Nell’ultimo caso, si può andare incontro a conseguenze serie che potrebbero mettere in pericolo anche la vita. È quindi importante riconoscere innanzitutto il tipo di puntura d’insetto così da poter intervenire prontamente. Ecco quindi le quattro punture d’insetto più comuni, e i consigli su come intervenire. 
   

rsz_ape_

Puntura d’ape

Le punture d’ape possono provocare diversi tipi di reazione, che variano a seconda della soglia del dolore di una persona, e a seconda della presenza o meno di allergie. Come intervenire in questo caso?

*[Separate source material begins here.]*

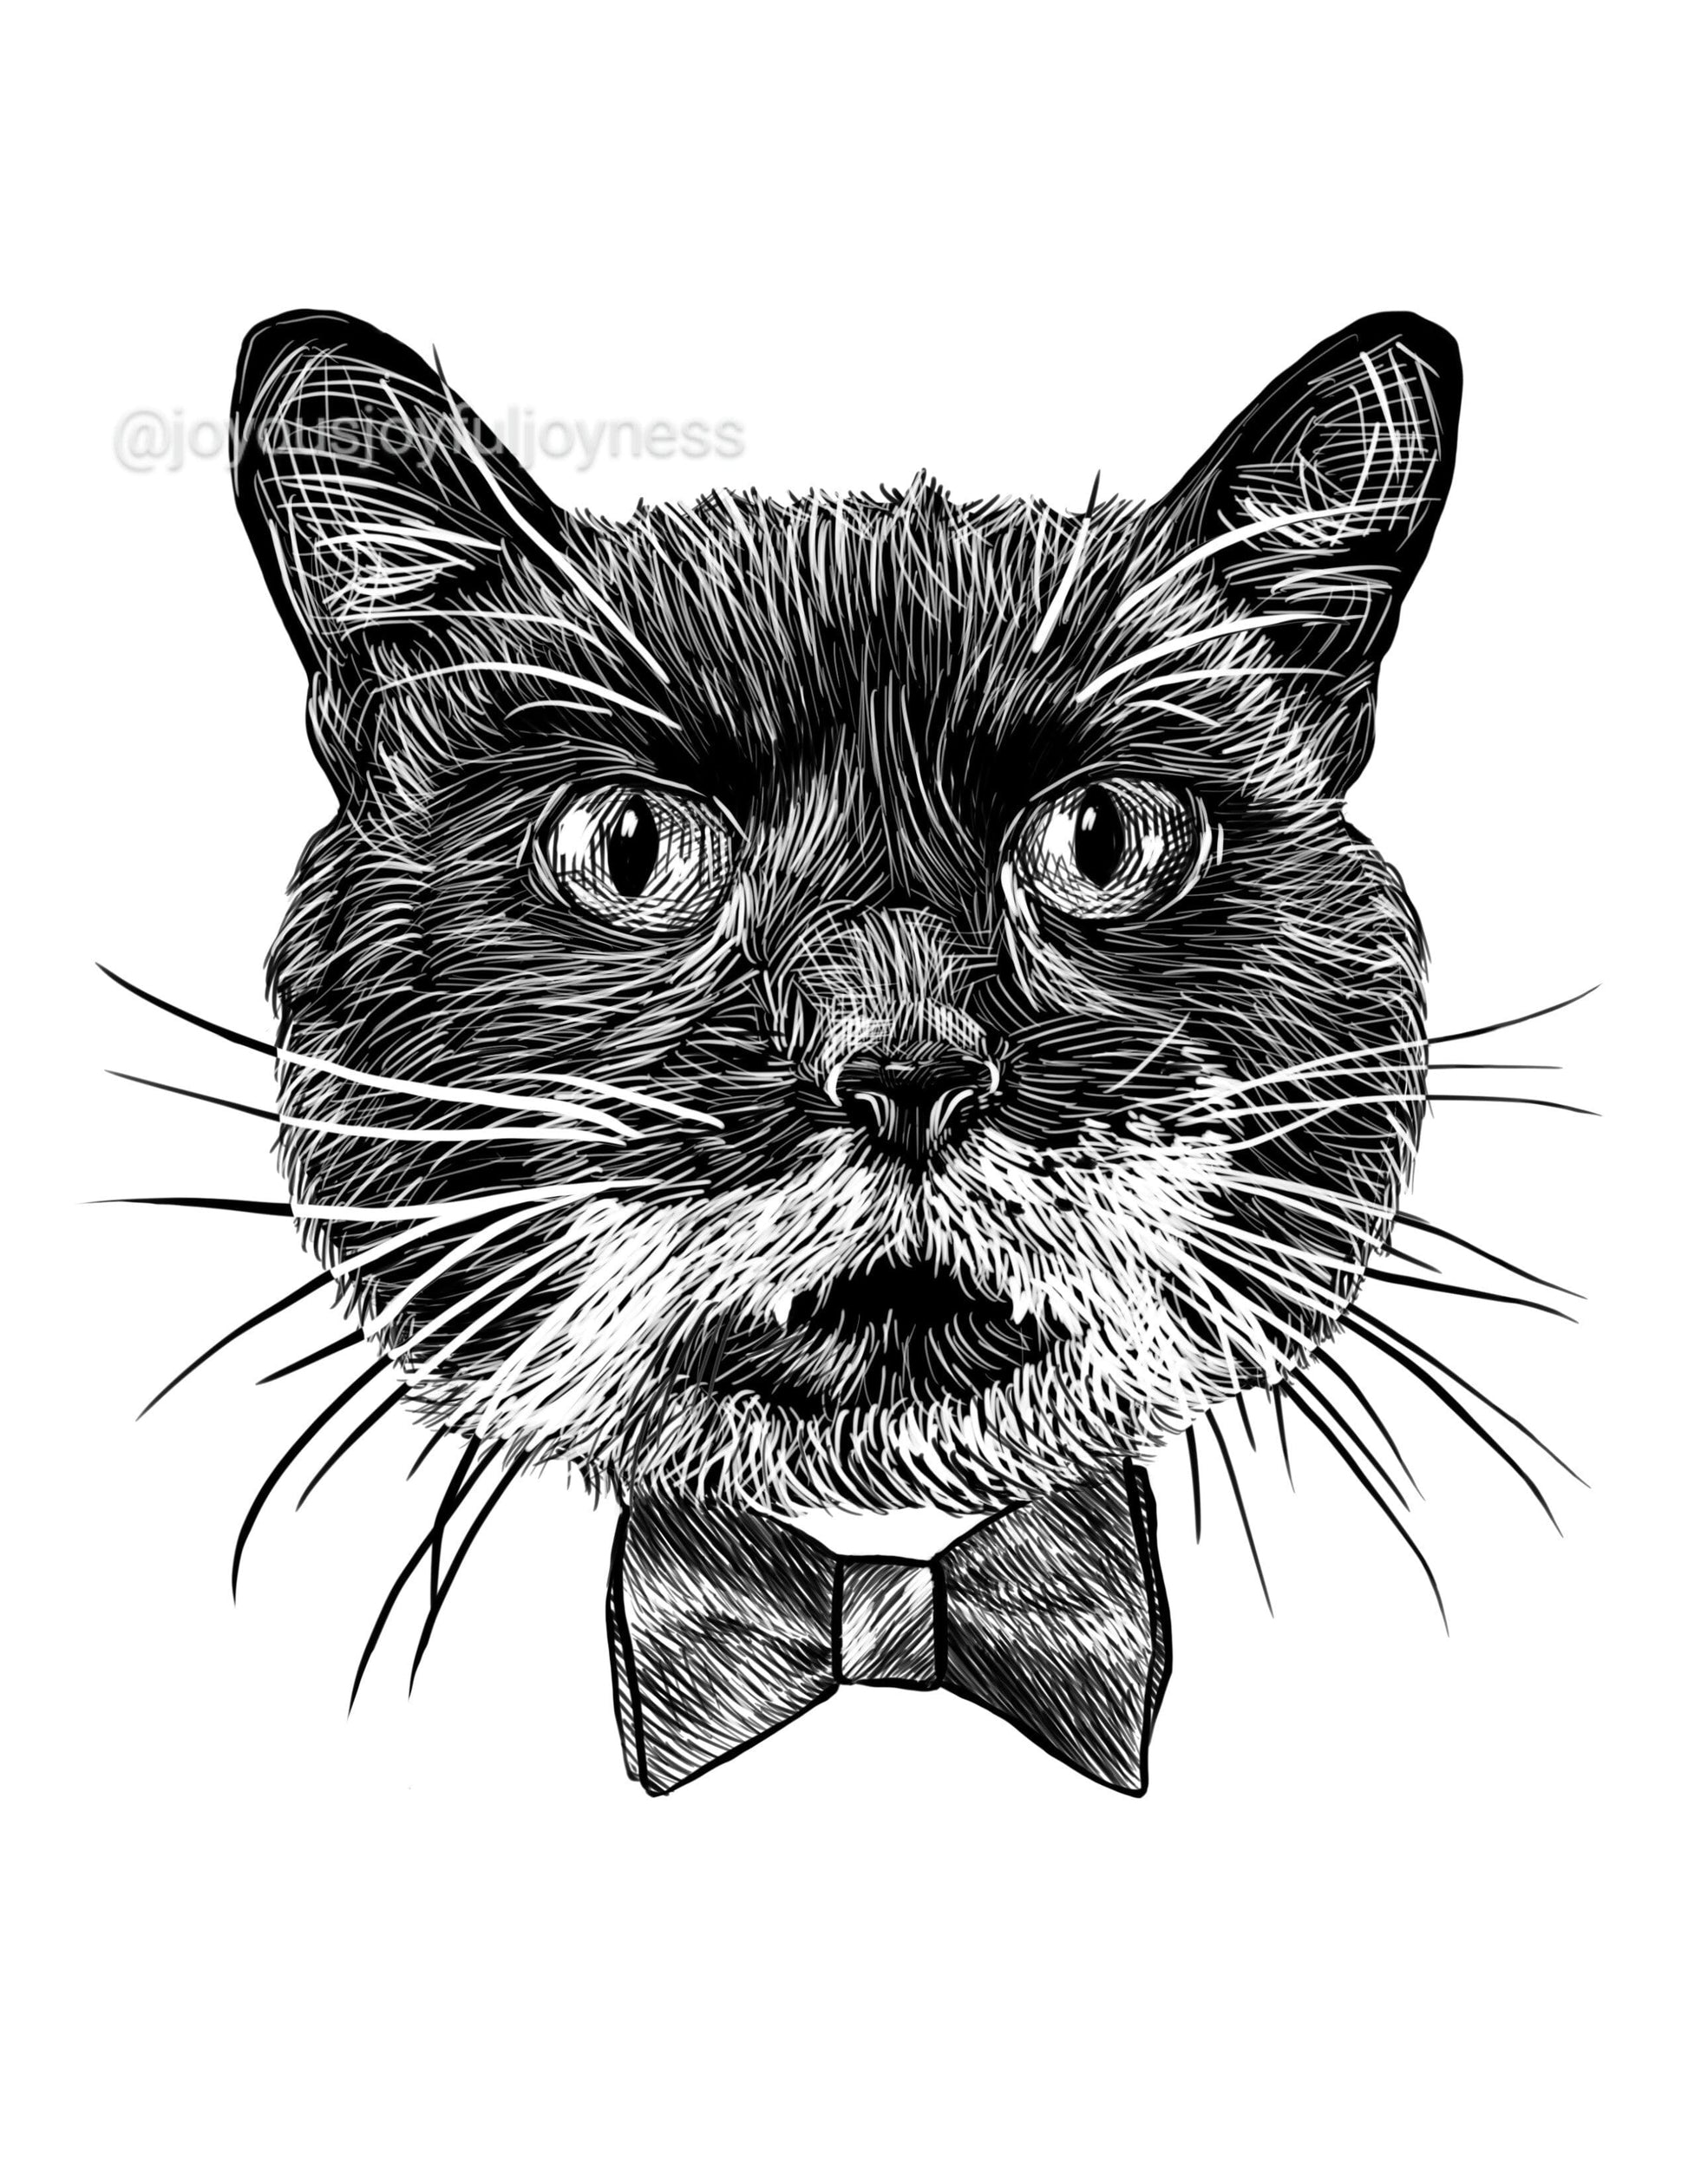 Portfolio: Jagers T. Cat (Not for sale) Posters, Prints, & Visual Artwork JoyousJoyfulJoyness

La prima cosa da fare è cercare di rimuovere il pungiglione. Intervenire entro i primi 20 secondi dalla puntura aiuta ad aumentare l’efficacia. Anche pochi secondi di ritardo causerebbero un rilascio di veleno maggiore, e quindi un danno più grande. Riflettere troppo su “come” estrarre il pungiglione potrebbe quindi rivelarsi controproducente. Per rimuovere prontamente il pungiglione, si possono seguire questi consigli:

  • cercare, per quanto possibile, di non rompere la vescica che contiene il pungiglione;
  • evitare l’uso di pinzette perchè potrebbero rompere la vescica che contiene il pungiglione. Meglio utilizzare un oggetto rigido, come una carta di credito;
  • anche le mani, se lavate con cura, vanno bene per la rimozione: basta eseguire una pressione sulla vescica come se si stesse schiacciando un brufolo.

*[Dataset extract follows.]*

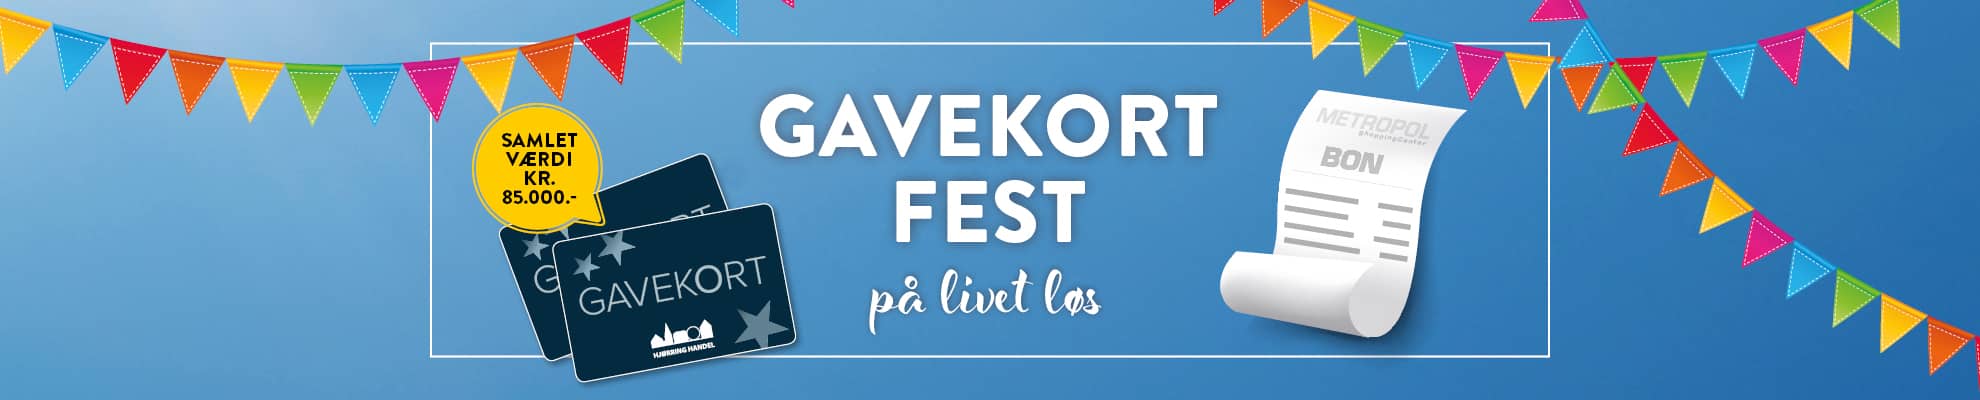 Gavekortfest
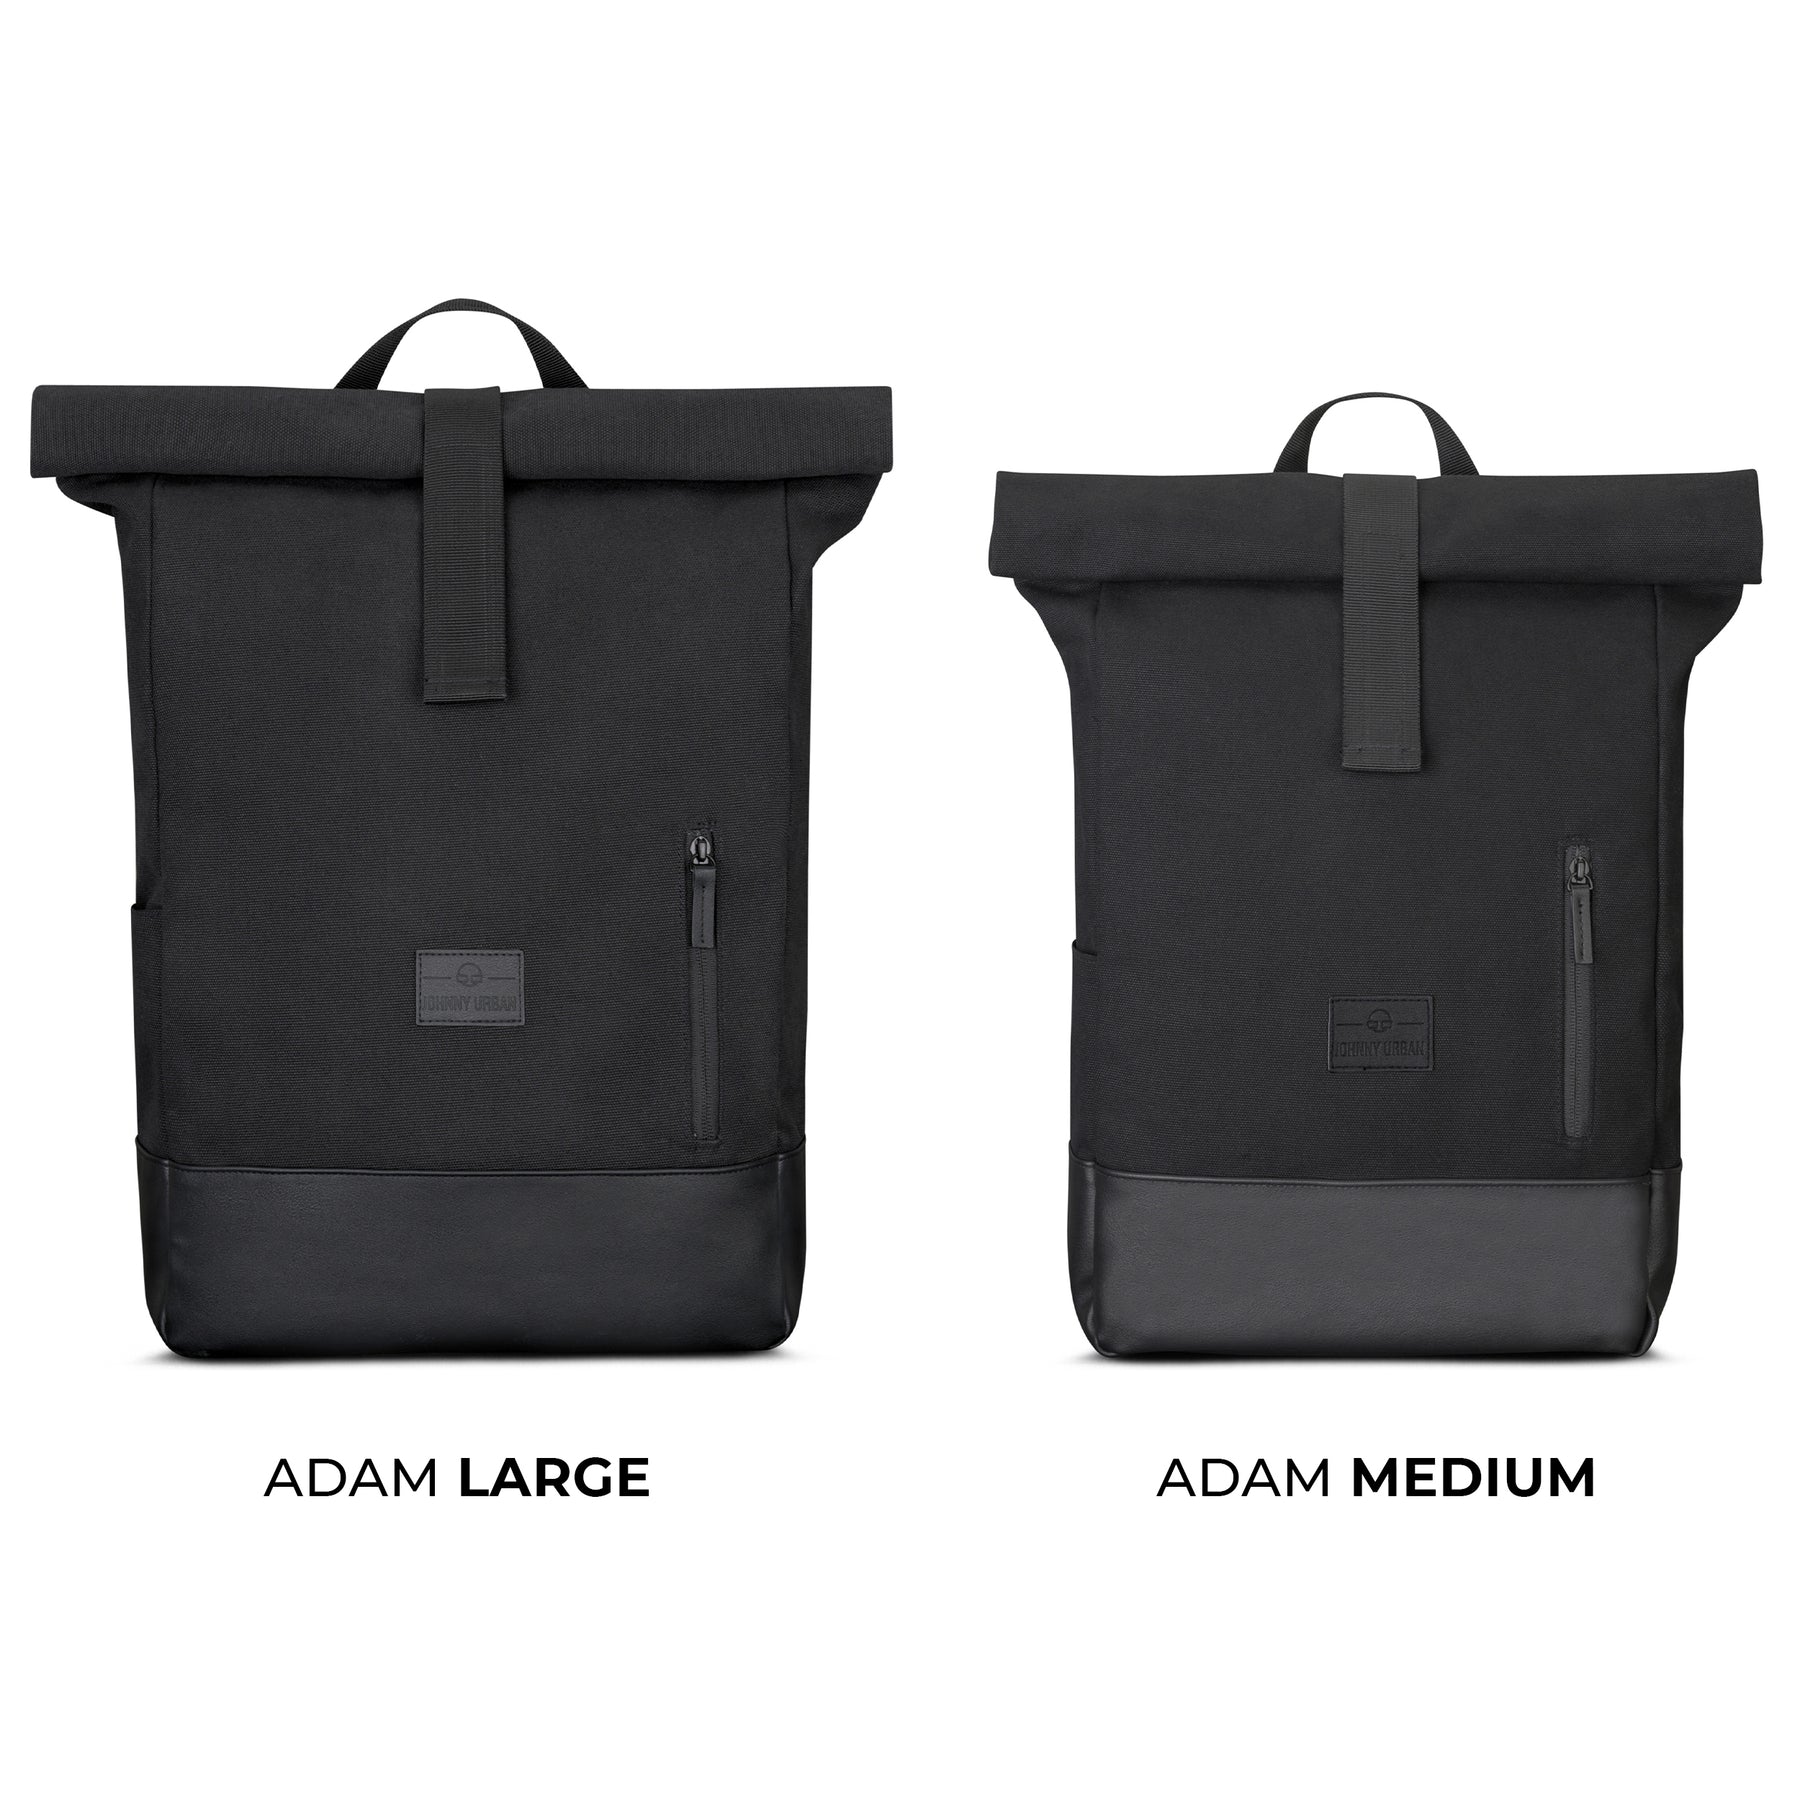 Roll Top Backpack "Adam Medium"

Quando il pungiglione è stato rimosso, fare numerosi impacchi di acqua fredda e utilizzare delle creme a base di cortisone fino alla guarigione.

 

rsz_li-ming-202802

Puntura di vespa o calabrone

Le punture di vespa o calabrone, a differenza di quelle d’ape, non rilasciano il pungiglione nella cute. Il risvolto negativo è che sia la vespa che il calabrone possono pungere più di una volta. Per questo, una volta punti, è meglio allontanarsi dal punto dove si è stati punti. Per quanto riguarda le azioni da fare successivamente, ecco qualche pratico consiglio:
  • pulire la zona infetta con acqua e sapone;
  • far scorrere l’acqua fredda, o applicare del ghiaccio continuativamente per evitare che la zona si infiammi di più;
  • utilizzare creme cortisoniche o antistaminiche;

 

Zanzara

Puntura  di zanzara

Gli insetti “ematofagi”, come le zanzare, pungono per alimentarsi, infliggendo una o più punture nelle zone scoperte del corpo. Il risultato della puntura sono delle piccole escrescenze simili a bollicine che provocano prurito. Quest’ultimo è dovuto alla reazione del sistema immunitario, anche se le conseguenze non sono da considerarsi gravi. Per combattere il prurito, ed evitare l’irritazione della cute, è consigliabile utilizzare una pomata antistaminica per i due giorni successivi alla puntura.

 

Zecca-dito

Puntura di zecca

La zecca generalmente la si incontra nei boschi o nei prati, e solitamente pungono una sola volta. La puntura si riconosce dalla presenza di un piccolo punto rosso al centro della papula (escrescenza cutanea). Per evitare i rischi di infezione, è importante cercare di rimuovere la zecca nel minor tempo possibile. La si può afferrare con delle pinzette facendola ruotare.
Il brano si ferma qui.